→ **WORK REQUEST**
Output the data below exactly, images excluded.
*** PROVIDED MATERIAL Section Begins ***
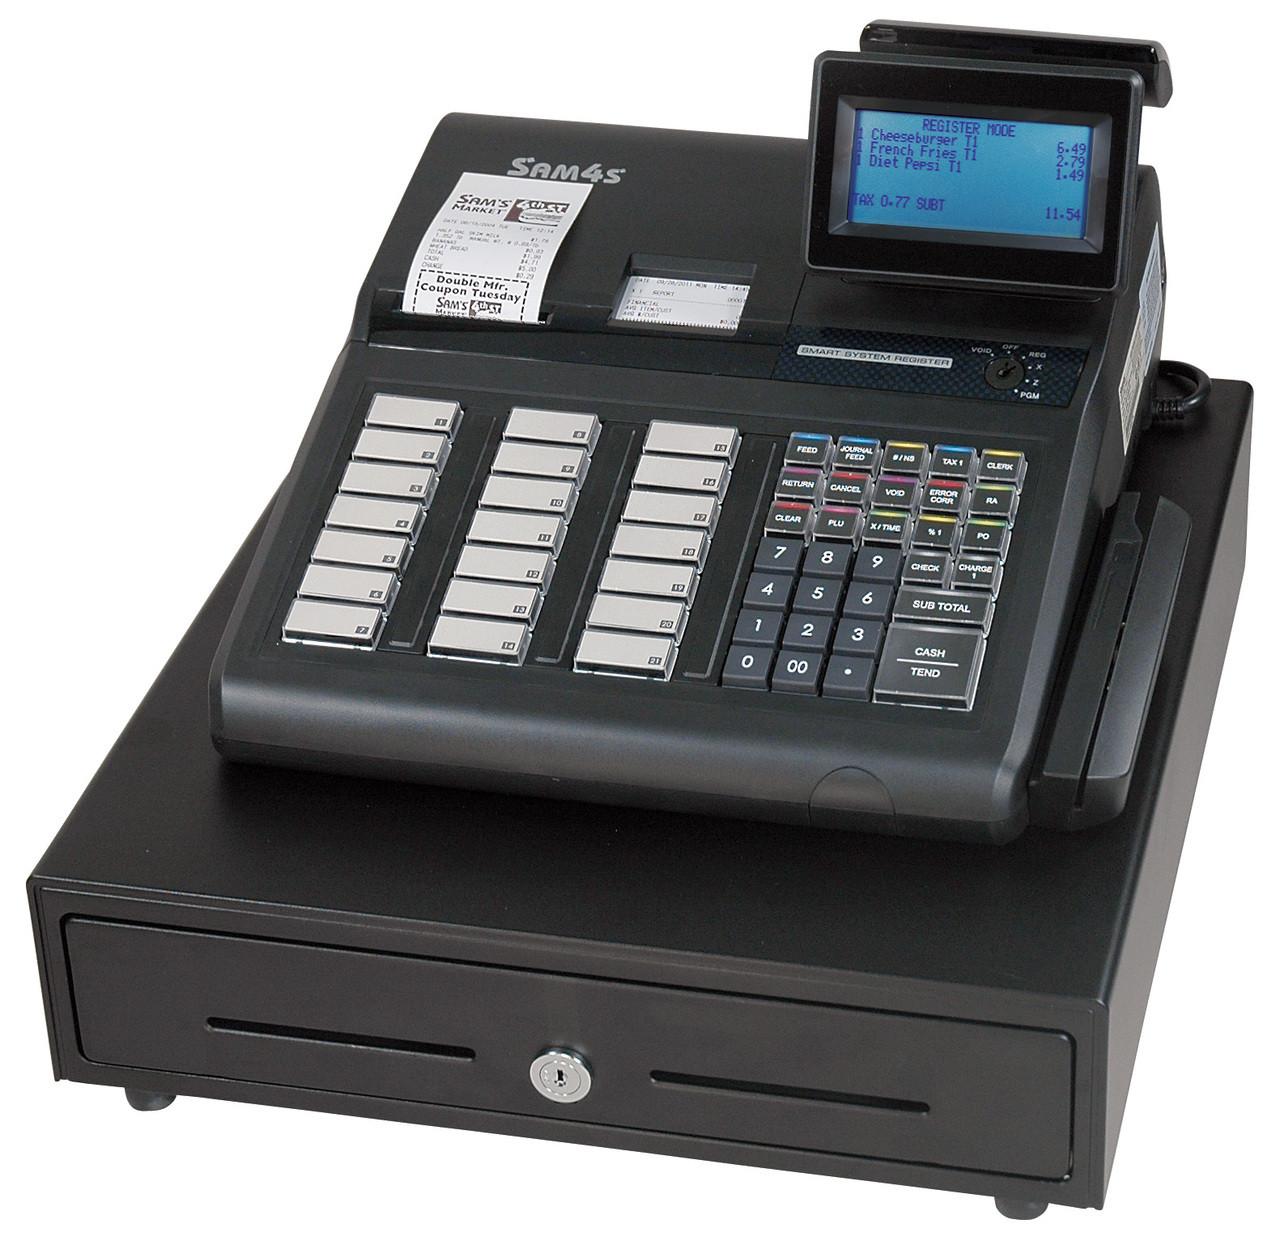 SAM4s SPS-345 Retail Cash Register *Shown with Optional MSR*
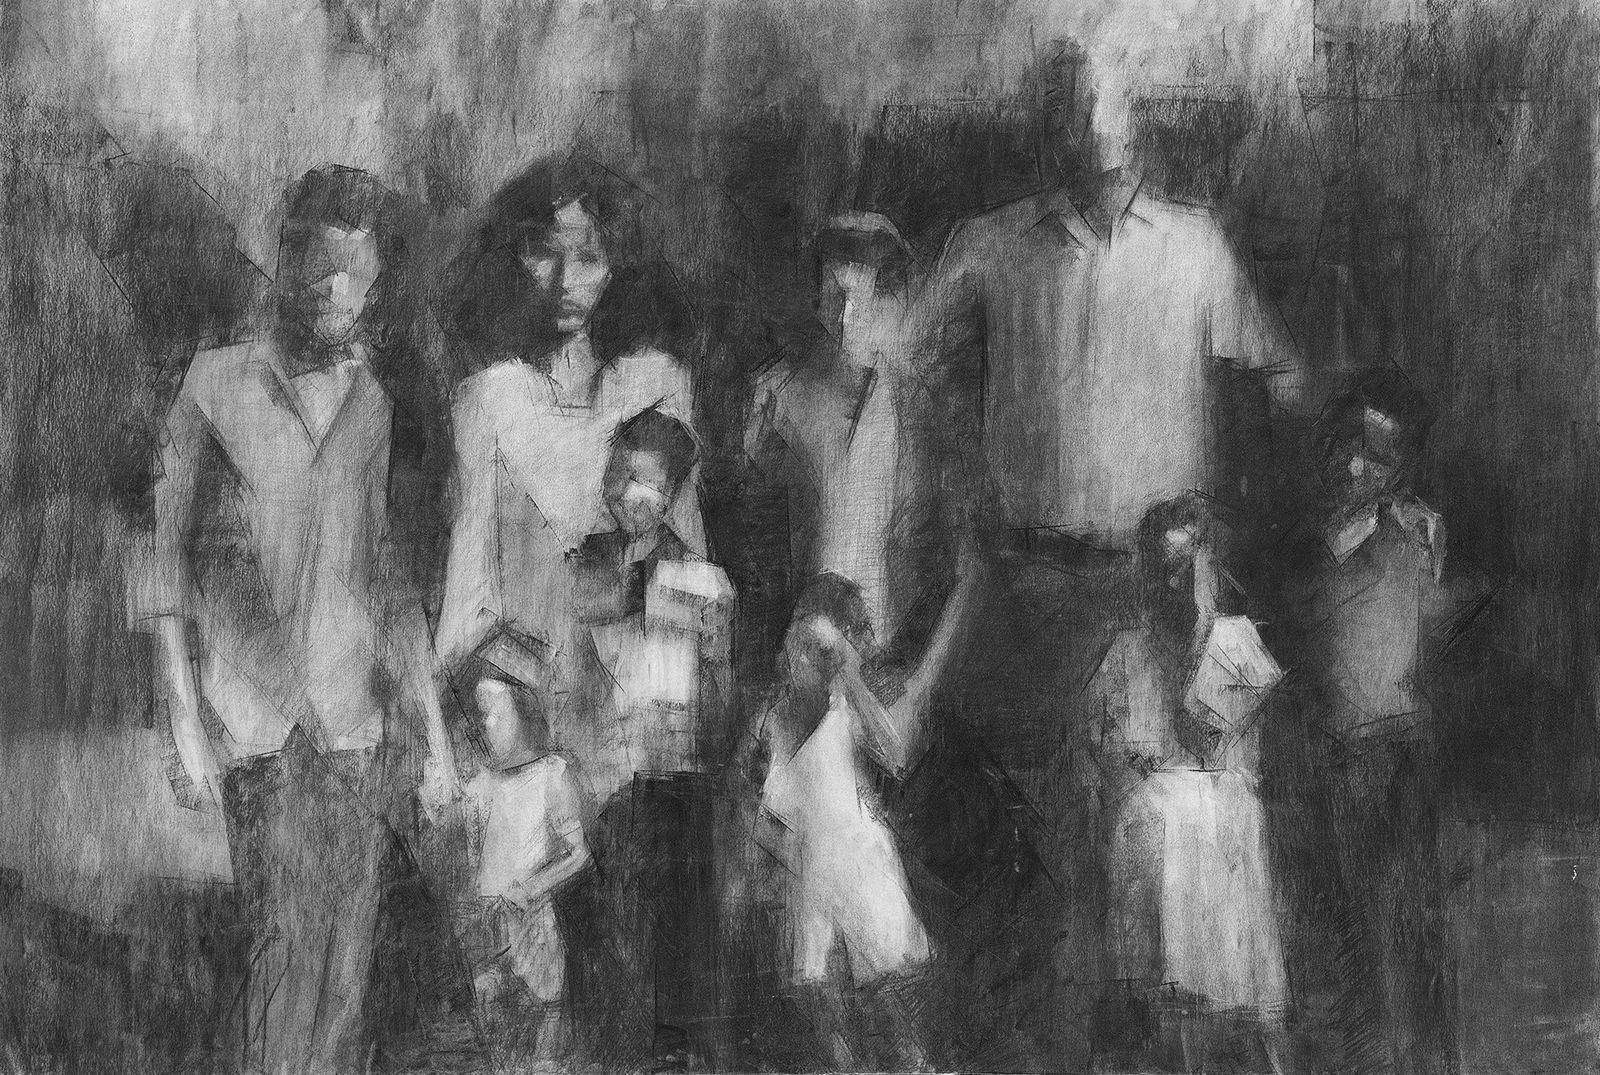 Atlit-2019-Charcoal-on-paper-118×80-cm
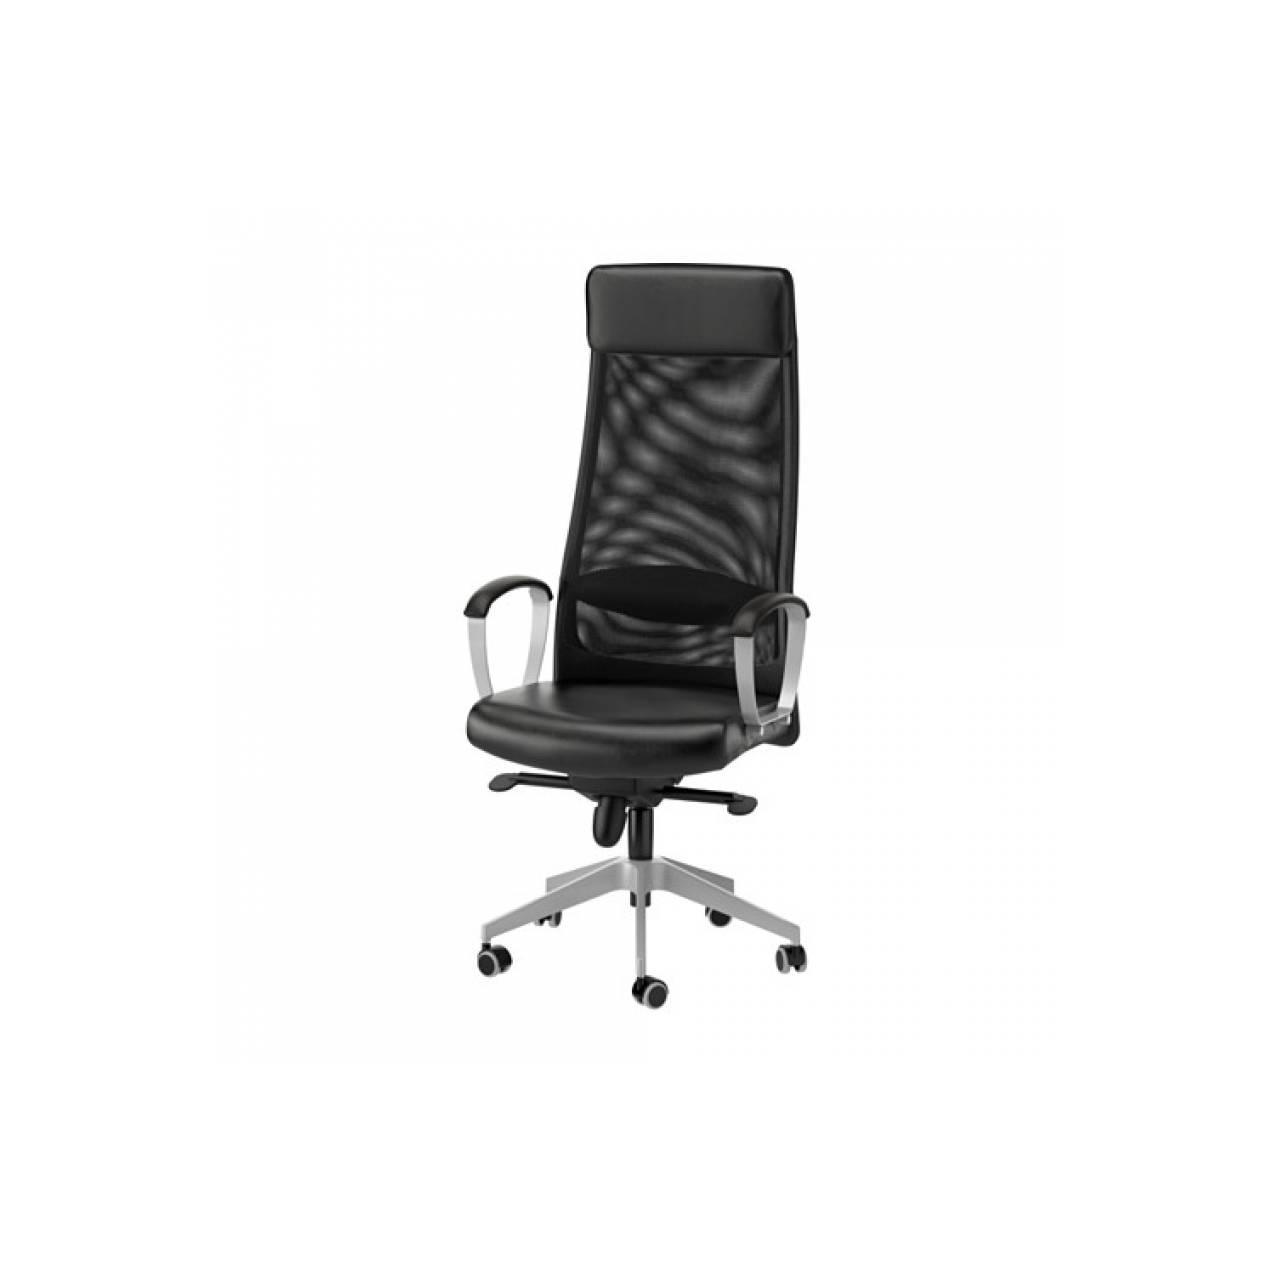 IKEA MARKUS Kursi putar / Kursi Direktur Kantor, Glose Robust hitam
*** PROVIDED MATERIAL Section Ends ***
→ **COMPLETED EXERCISE**
 SAM4s SPS-345 Retail Cash Register *Shown with Optional MSR*
 Atlit-2019-Charcoal-on-paper-118×80-cm
 IKEA MARKUS Kursi putar / Kursi Direktur Kantor, Glose Robust hitam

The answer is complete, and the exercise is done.